Can You Actually Rewire Your Brain?

How to create new emotional patterns
The emotional brain.
Lili knows exactly how she’s going to react. Every time her boss asks her for a report due the following week, something in her immediately activates—the same knot in her stomach, the same urge to do anything but that. She calls a friend she hasn’t seen in months, reorganizes the kitchen drawers, buys things she doesn’t need. The whole week goes by like this. And the day before the deadline, her body sends the bill: sweaty hands, a racing heart, a mind that won’t stop producing images of failure, of being mocked, of her boss’s disappointed face. Sleep-deprived and exhausted, she manages to turn in the report on time. But the experience, once again, was terrible.
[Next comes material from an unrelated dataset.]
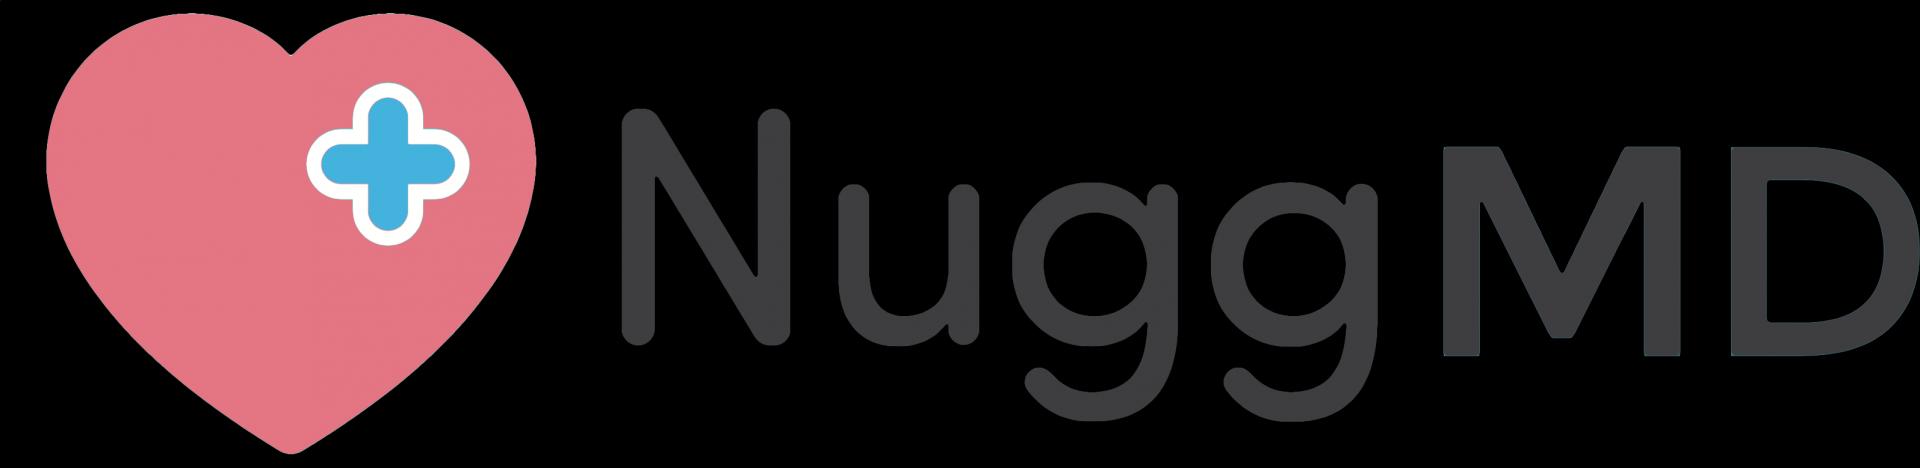 Photo for: Industry-Leading Telemedicine Platform NuggMD is Improving Cannabis Access in Oklahoma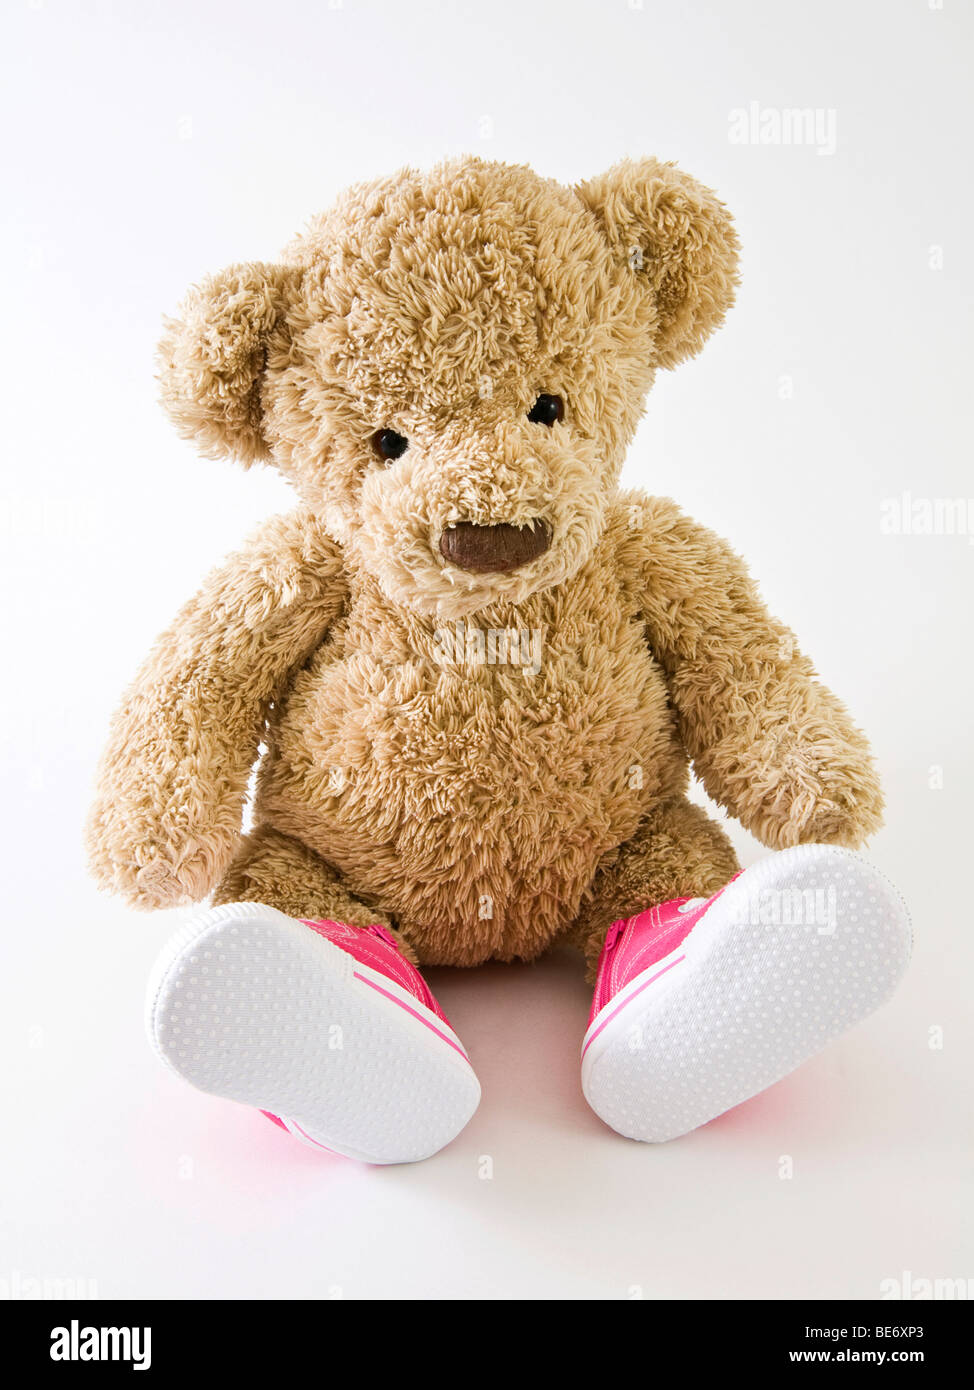 Teddy bear with baby shoes Stock Photo

Lili knows this pattern by heart. She criticizes herself, promises that next time will be different. And yet, a month later, the scene repeats with almost mechanical precision. What Lili doesn’t know is that she’s not alone. What she’s experiencing is a response shared by many people who grew up in environments where they constantly had to prove they were enough—at home, at school, with the adults around them. That question that isn’t always spoken but is felt in the body: Am I good enough? If I try, will I be mocked, rejected, disapproved of?
It’s not a lack of discipline or character. It’s fear. And behind that fear, a belief that was formed long before the job, the boss, or the report.
Many of these experiences appear in the early years of life and carry such an intense emotional charge that the brain registers them as priority pathways, routes that activate automatically whenever similar conditions arise. Emotions like fear or deep sadness are neurologically more “sticky” than joy or surprise, because the brain classifies them as survival information and makes sure not to forget them. In fact, these emotional responses travel between 200 and 400 milliseconds before we become aware of them, and that’s why they feel so out of control.
The brain builds what we might imagine as pathways in a field: each time a farmer walks the same route to work, the grass flattens more, the path deepens, becomes more automatic. And where there was once grass, now there is only dirt.
The Brain’s Plasticity
When I explain this to my patients, the question that usually follows is almost always the same: “So there’s no fix for me?”
And the answer is a resounding no. Nothing could be further from the truth.
The nervous system has an extraordinary ability called neuroplasticity: the capacity to create new connections, to reorganize itself in response to new experiences, to reshape itself throughout life. It’s not exclusive to children’s brains. As long as the organism is alive, change is possible. Neuroplasticity has no expiration date.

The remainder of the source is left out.